The Transformers Rant
“It’s really amazing that a lot of people liked the movie. Some dude from my college who is on Myspace asked me to explain why I didnt like it. I was like, how can I even begin to explain that this movie is bad to someone who likes it. It’s like someone walking over to you and asking you why you don’t like to eat dog shit” – email I received
I have seen several movies lately, the most recent being Harry Potter and the Order of the Phoenix, which was notable for three reasons: 1) it is an astoundingly creepy movie, commendably so; 2) Harry looks like he should be playing striker in the English Premier League at this point, he’s so old; 3) we used our tickets to get 10 percent off our post-movie meal at a local diner.*
Previous to Harry Potter, I saw Transformers, a trauma into which I have delved slightly on this blog.** I will attempt to discuss this experience further, but I’m not sure the scars have completely healed, so you must forgive me if I falter. This was the single worst piece of film-making I have ever seen, without question. Though I stayed until the conclusion of the 2 and a half hour a[xxx]tion of the ideals of humanity and the good of the civilized world, I would rather watch the only film on which I have walked out — Problem Child 2 — on loop, with my eyes jammed open, than revisit Transformers in the theater. I would rather find a time machine, travel to the instant before I was to buy my ticket and break my kneecaps—both of them—to prevent me from seeing this film, and then stab myself in the eyes just to be sure I got the point across. I would rather watch NASCAR with Bill O’Reilly or date Ann Coulter. If Hillary Clinton ran for president on a “No Transformers sequel” platform, I would vote for her. Twice. In each election.
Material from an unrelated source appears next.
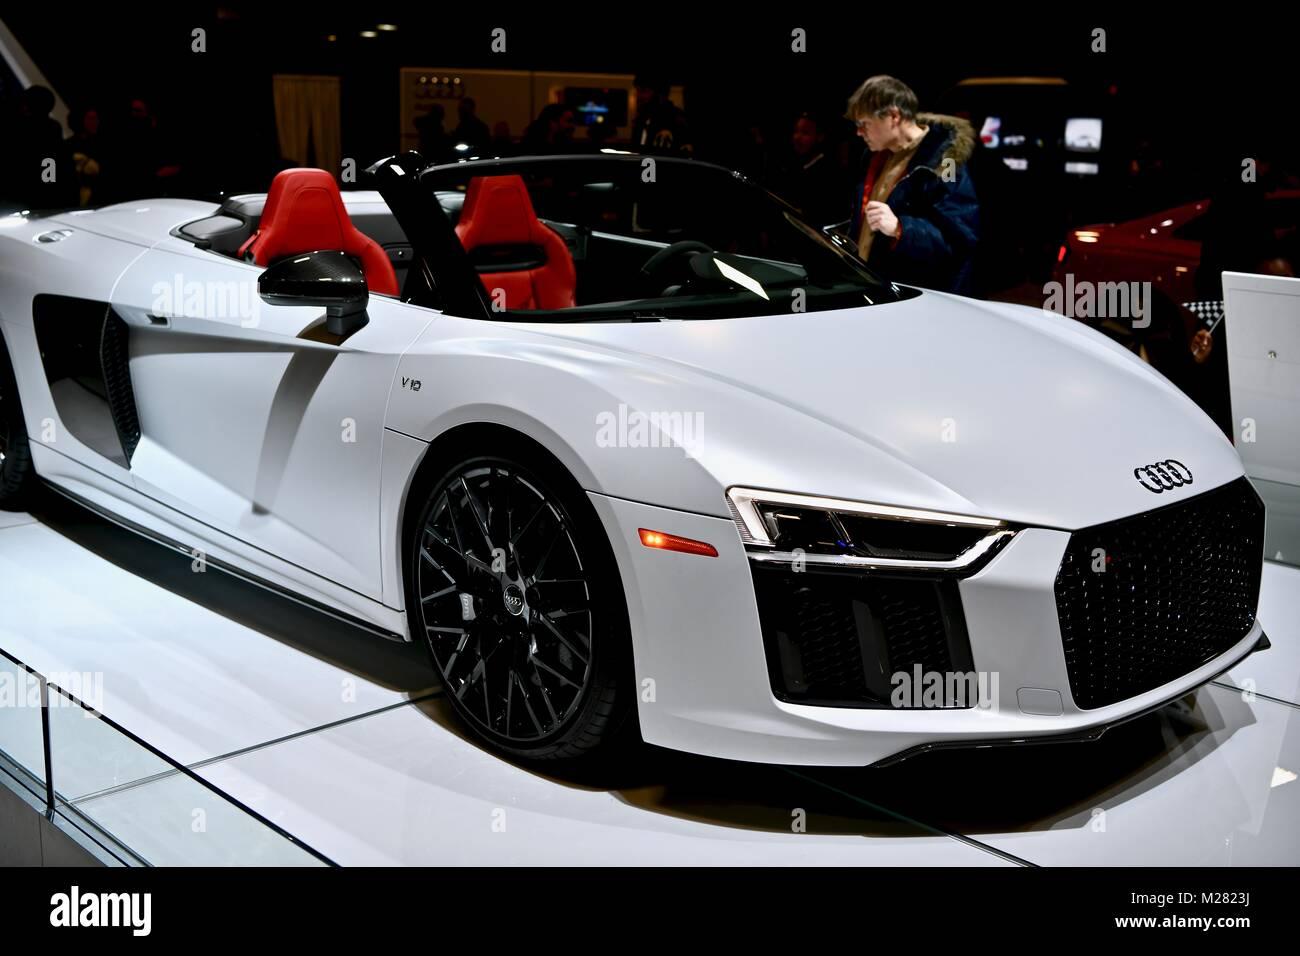 2018 Audi R8 Spyder at the 2018 Washington Auto Show, Washington DC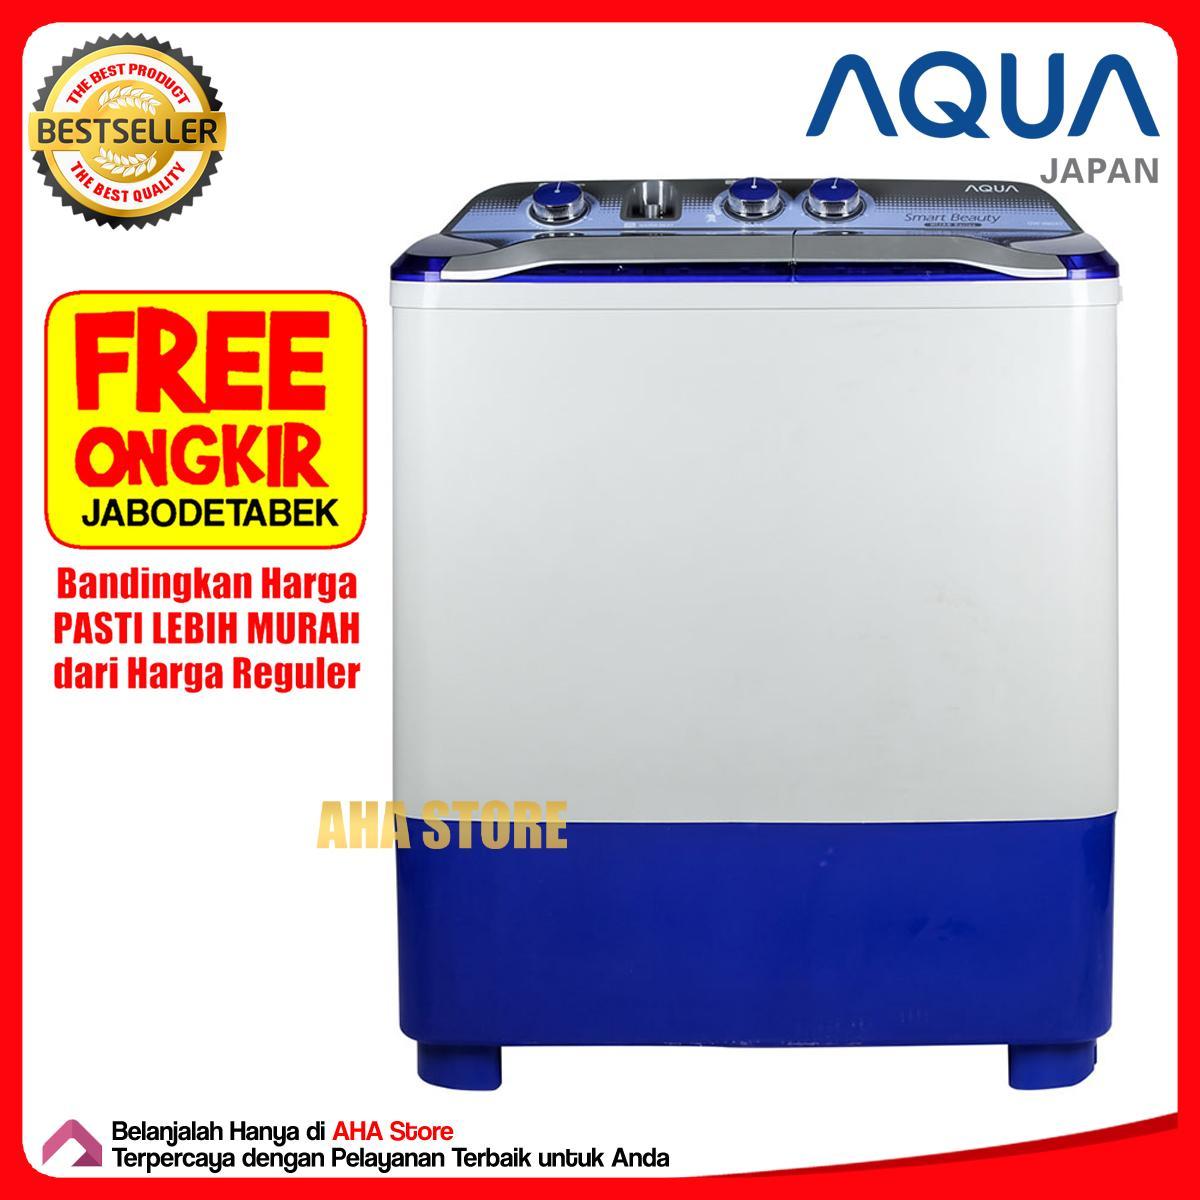 Kelebihan Aqua Aqw89xtf Mesin Cuci Top Loading 1 Tabung Gratis 2 9kg Qw980xt Putih Free Ongkir Jabodetabek 8 Kg Qw 880xt

With its pornographic, incomprehensible violence; its mosaic of plagiarized scenes from Top Gun, Batman, The Matrix, Armageddon and Independence Day, to name, oh, about half; to its jerkoff message of American greatness brought to you by the U.S. military, Hasbro, about 15 people who should be/are supermodels, Autobots and Ford, the movie might as well be entitled An Open Letter to al Qaeda.*** Or, better yet, why not just call it Bullseye? This is the low point in American/western “culture” as I know it, edging out George W. Bush’s re-election, in which less than .5 percent of the world’s population decided that the remaining 99.5+ percent deserved to be miserable because they preferred a President who was “like them” instead of one who was “qualified to lead the world.” Unfortunately, the Transformers phenomenon cuts across party lines, meaning something closer to 1 percent of the world’s population has decided they’d rather sit in a movie theater and masturbate to explosions, Megan Fox the American flag than develop a cogent thought on, well, anything. We can’t save us from ourselves—that much is clear—so maybe toys can do it! Whoopee!
We are literally worshiping toys. Not ideas. Not greatness. Not even goodness or averageness or mediocrity or Kansas City Royals-like futility. Toys. Things of play. The Transformers movie isn’t the start of this; my friends remember individual Transformers episodes and characters from the 1980s, and I have no idea how they do this. Crap like that was supposed to be amusing and disposable (I watched the cartoon religiously), but it’s the trash on which we’ve built our society. Sometimes I think I’m the crazy one, and then I see Transformers, and I realize that it’s not that everyone has lost their goddamn mind: it’s that they don’t work anymore. This is normal. It’s normal to go to a movie theater and watch controlled detonations on sound sets with pretty people running, all slowed down so that you can take in every inch of it in the most overwhelming sensory manner possible. Harry Potter is the world of one woman’s incredible imagination, and stimulates the brain as much as the eyes; Transformers was dreamed up by Hasbro executives who wanted you to spend money on their toys instead of, you know, buying healthier food or something. Not that health food was all the rage in the 1980s, but it’s not like we’re getting smarter. We’ve just stopped acting like idiots in a very small way, but we still destroy the planet (and argue about it?!?!) and give millions of dollars to an asshole like Michael Bay, a man whose defining feature is his ability to hold a giant mirror up to us and show us, exactly how vapid and soulless we are.
* Had I done this with Transformers, I would feel the absolutely tiniest bit better.
** I also saw Rashomon, and it was excellent.
*** It is worth noting that the entire movie would have been redeemed if John Turturro had been dressed as “The Jesus” from The Big Lebowski in his role as a bizarro over-acting FBI agent. Transformers would have been instead been exposed as a critique of our society, and a brilliant one at that. Alas.